公開日時: 2021年5月21日(金) 20:01
文字数:3,770

 豪雪期が終わり、道の脇に避けられた雪の塊を残して街に本来の色合いが戻ってきた。

『陽だまり亭かまくら~ザ2―雪だるまくんの大冒険カフェ―』は、そこそこの売り上げを記録して、無事終了した。

 

「雪だるまさん。また来年、お会いしましょうね」

 

 溶けた雪だるま跡地に頭を下げて、ジネットが静かに微笑む。

 蝋で作ってやろうかとも思ったのだが、まぁ、また来年になればイヤってほど雪が降るんだし、いっか。

 滅多に会えないからこそ、再会が嬉しいなんてこともあるしな。

 

「……で、なんで全員揃ってんだ、お前ら?」

 

 豪雪期が終わり、各々の家に帰ったはずのお泊まりメンバーが全員、夕暮れの陽だまり亭に集まっていた。

 

「買い置きがなくてさぁ。店長のご飯食べに来たんだ」

「私は帰り損なったの~☆」

 

 損なうなよ。

 デリアに送ってもらう予定が、雪のプレイランドの後片付けが想像以上に難航して無理になったらしい。

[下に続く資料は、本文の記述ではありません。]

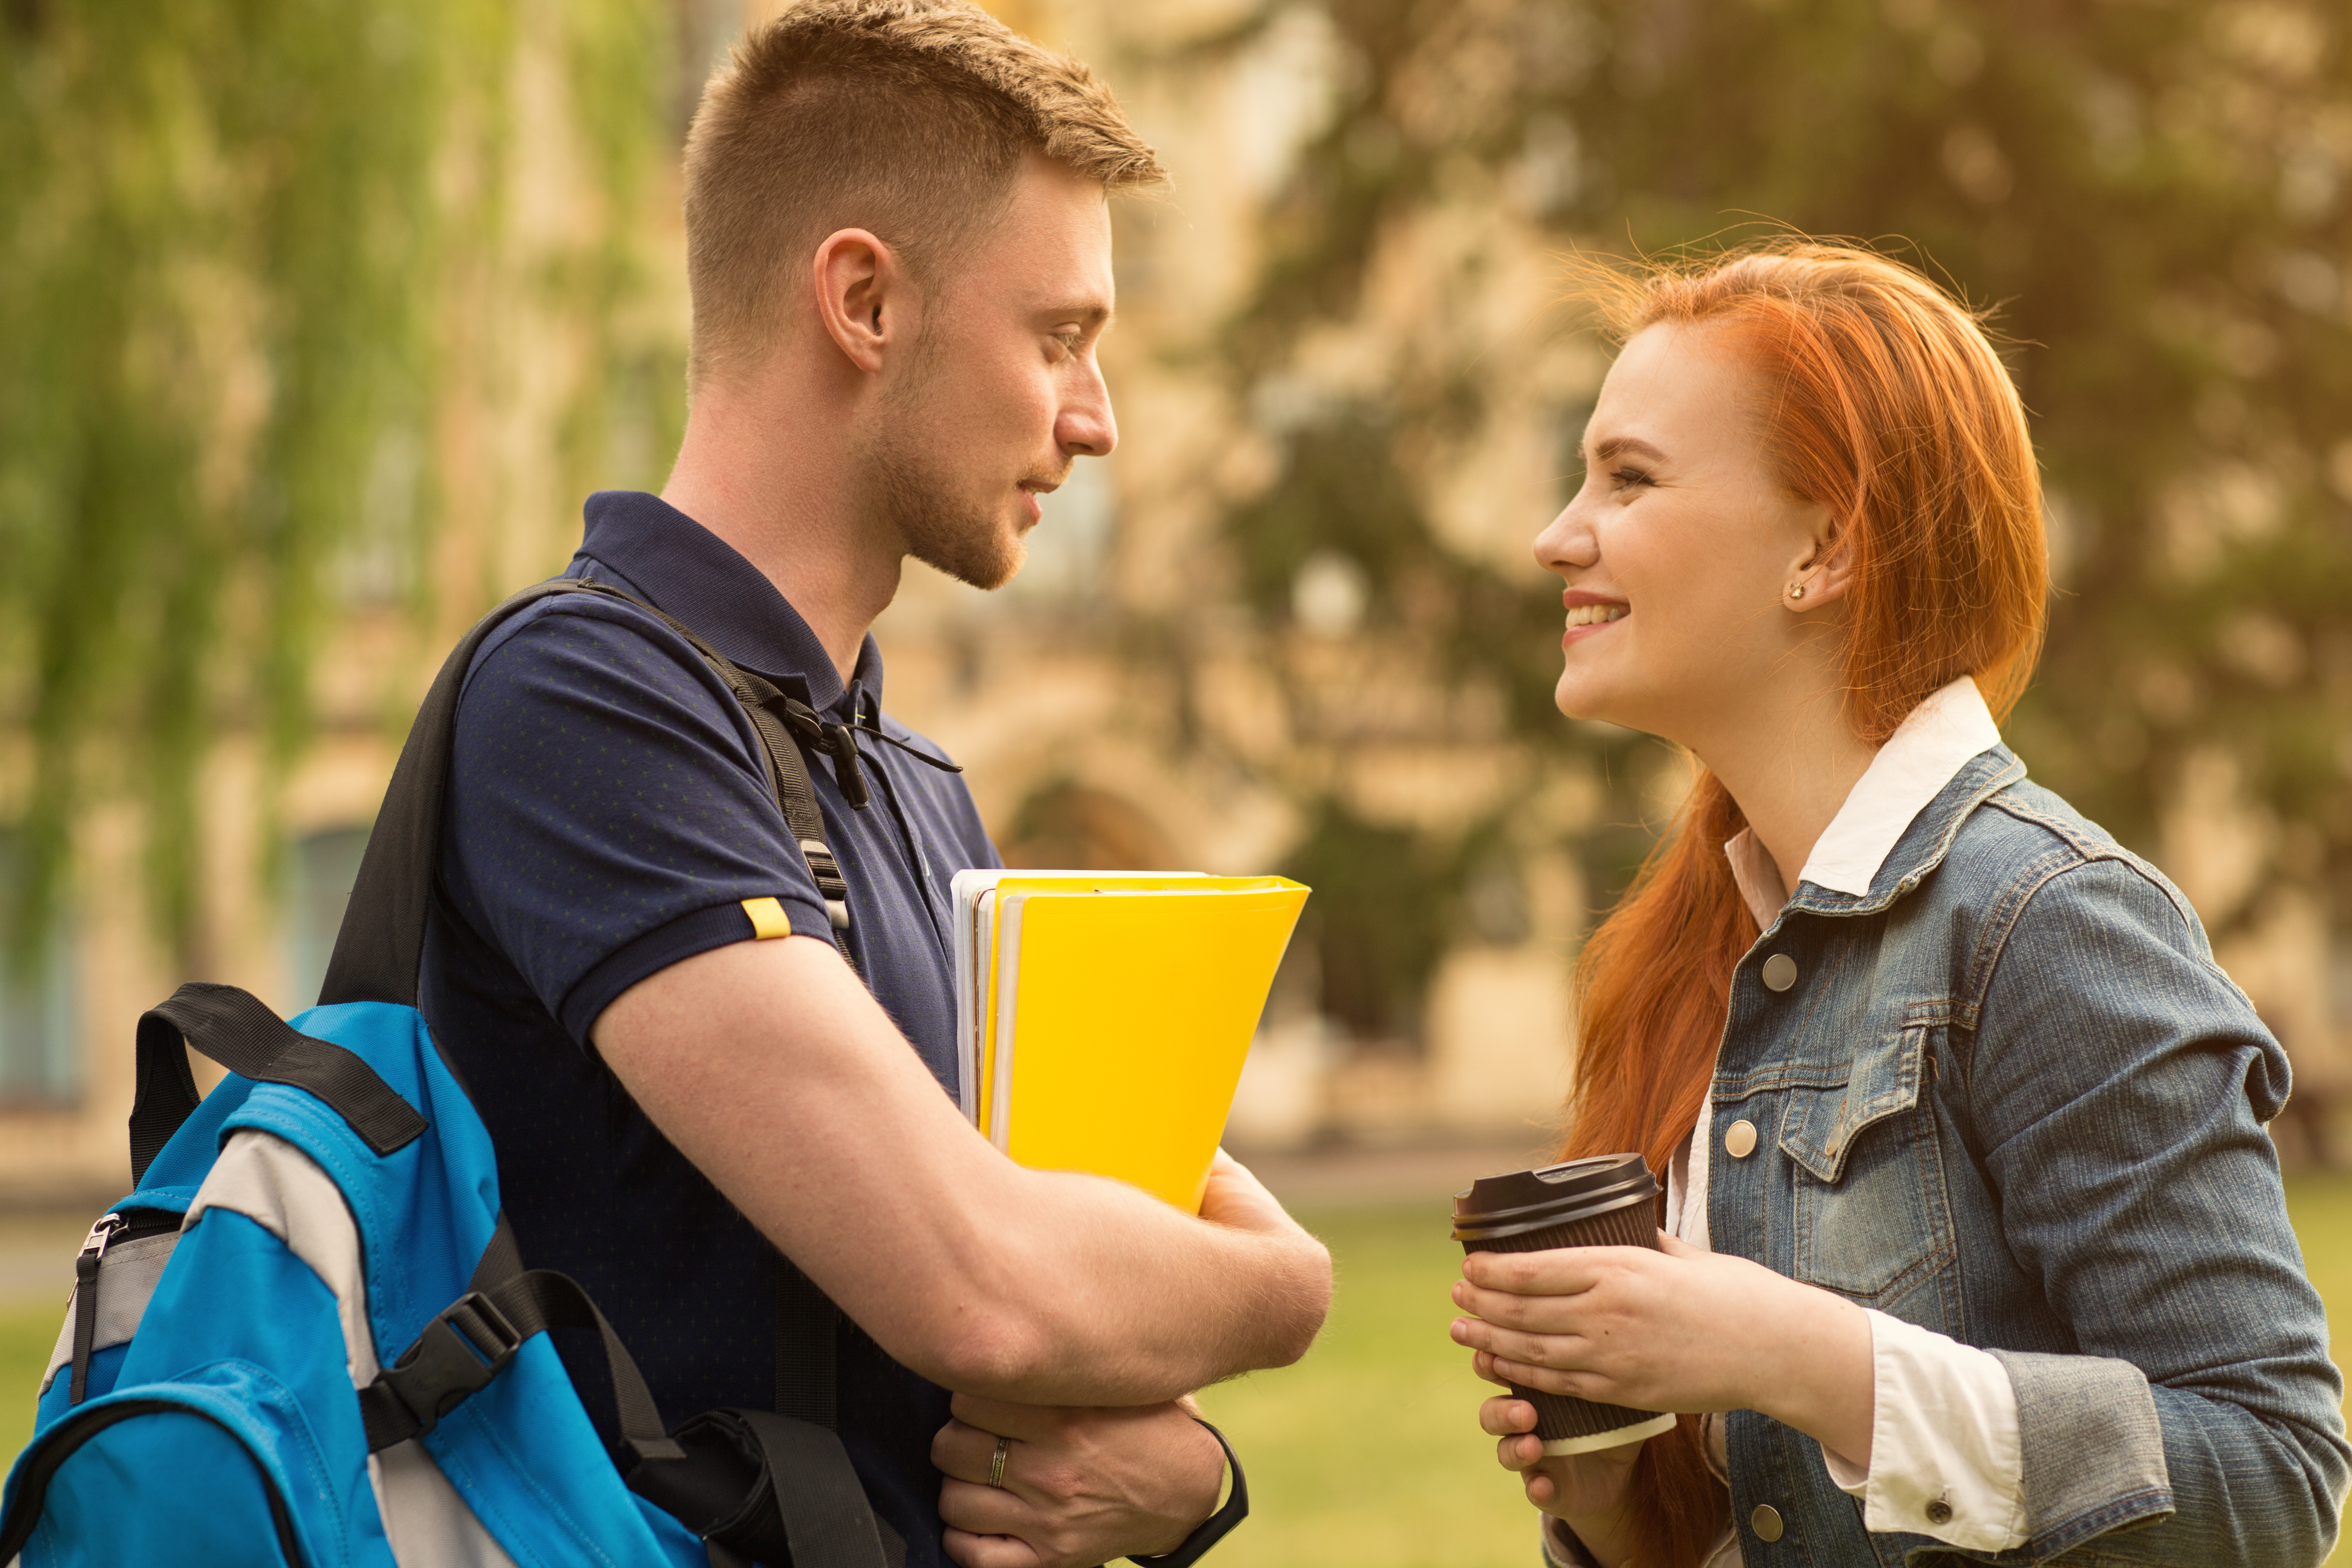 Deux étudiants se sourient l'un à l'autre | Source : Shutterstock
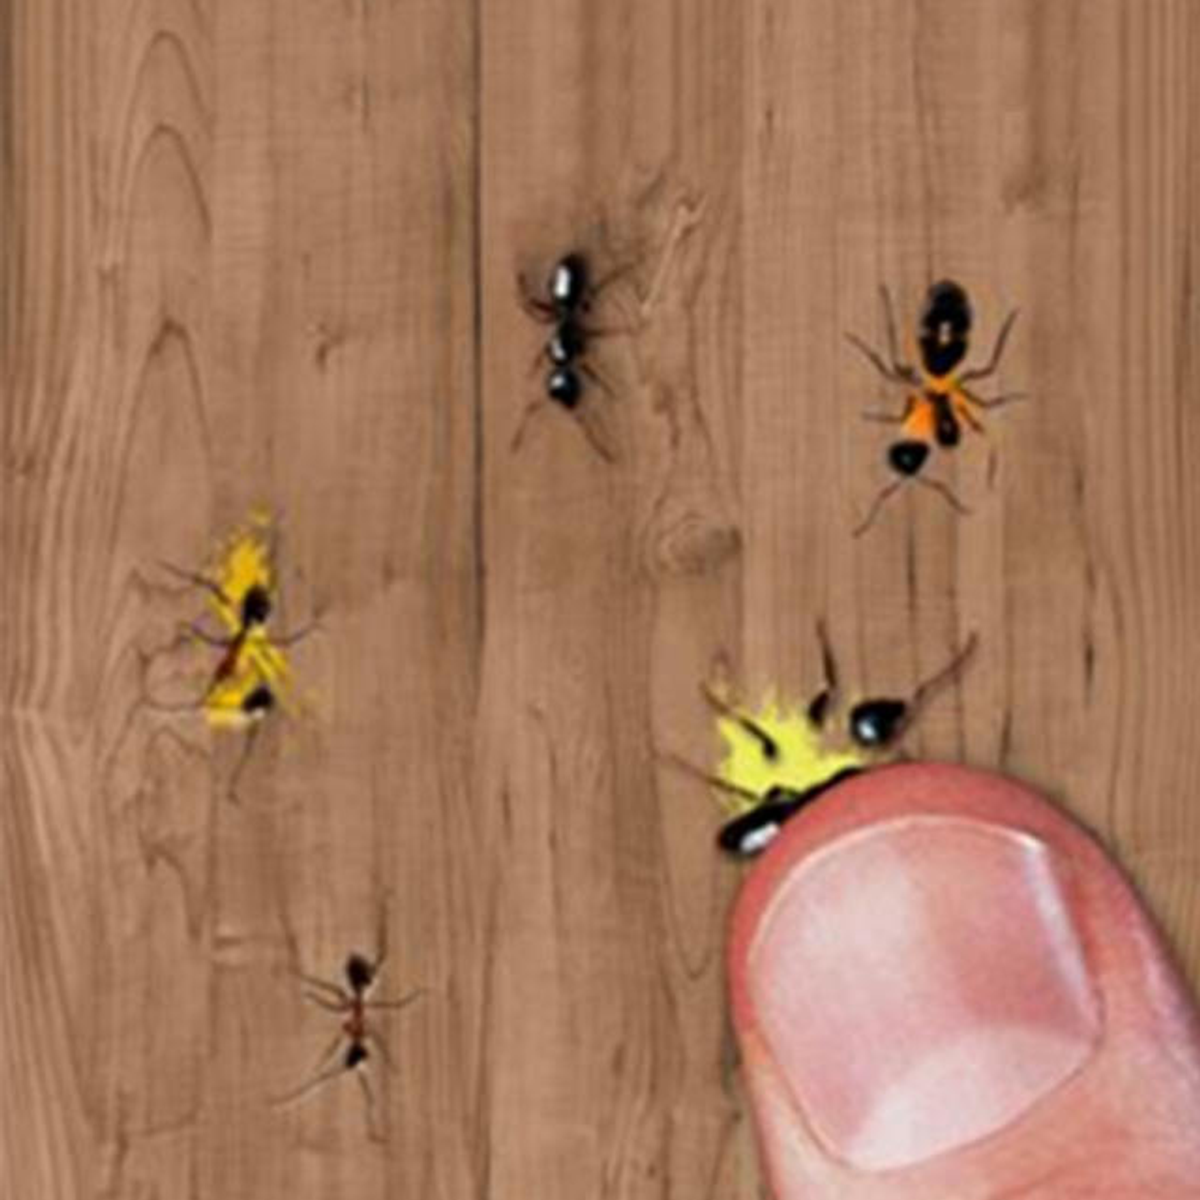 ant smasher alternativeto games similar mode

 堆く積み上げた雪山が溶けきらなくて、畑にどーんと残っちまってたからなぁ。

 モーマットとしても、今日中に退けてもらわないと明日からの畑仕事に支障が出るし、エステラ陣頭指揮の下、撤去作業が行われていたのだ。

 

「いや~、雪山がカッチカチになっててさぁ、大変だったよ~」

「エステラはカッチカチの雪山に跳び蹴り食らわせて遊んでただけさね……『防御力の調査だ!』とか言ってねぇ」

「えっ!? 今のボクのマネ!? やめて、似てなさ過ぎる!」

「エステラ様はおそらく、カッチカチにシンパシーを感じられたのでしょう」

「誰の胸がカッチカチか!?」

 

 誰も胸とは言っていないのに……あ、全員の視線がエステラの胸に集中してた。

 これは、声にしていなくても『言った』も同然だな。

 

「で、今し方仕事が終わって、みんなで陽だまり亭に飯を食いに来たんだな」

「まぁ、そういうことだよ」

 

 エステラからの依頼で雪のプレイスポットの監視員をやっていたデリアたち。

 責任感からか、後片付けまできっちりと手伝ったらしい。ご苦労なこった。

 

「みなさん。今日はお疲れでしょうから精の付く物をご用意しましたよ」

 

 そう言って出てきたのは、山盛りの餃子。

 

「雪の下で寝かせておいた白菜を持ってきてもらったんだ」

 

 豪雪期の間、ハムっ子農場で雪の下に放置しておいた白菜。

 白菜は、霜に傷付けられ、雪の下に閉じ込められていると甘くなる!

 越冬野菜と言って、雪の中で凍結しないように糖分を多めに生成し蓄えるのだそうだ。植物ってのは逞しい。

 

 そんな白菜をたっぷりと使った白菜餃子だ。

 ついでに、ニラたっぷりのニラ餃子もある。もちろん、ニンニク増し増しだ。

 

「全員、口が臭くなるといい!」

「確かに、においは強烈だね……」

「けど、悔しいかな、これが美味しいんです!」

「……マグダは、明日からニラの妖精を自称する」

 

 怯んだ表情を見せるエステラ。

 つまみ食いで美味さを実感しているロレッタ。

 そして、「その妖精はどうだろうか?」という疑問を抱かずにはいられないマグダ。

 

「あと、唐揚げとエビフライもありますよ」

 

 食材提供者がいるので、安く仕上がった。

 それにしても、脂っこいラインナップだな。

 

「もうちょっとあっさりしたものも欲しいかな」

「分かりました。麻婆豆腐ですね!」

「違う! 落ち着いて、ジネット!」

 

 あんなド中華が『あっさり』のカテゴリーには入らない!

 中華で『あっさり』って言ったら、杏仁豆腐くらいしかないから!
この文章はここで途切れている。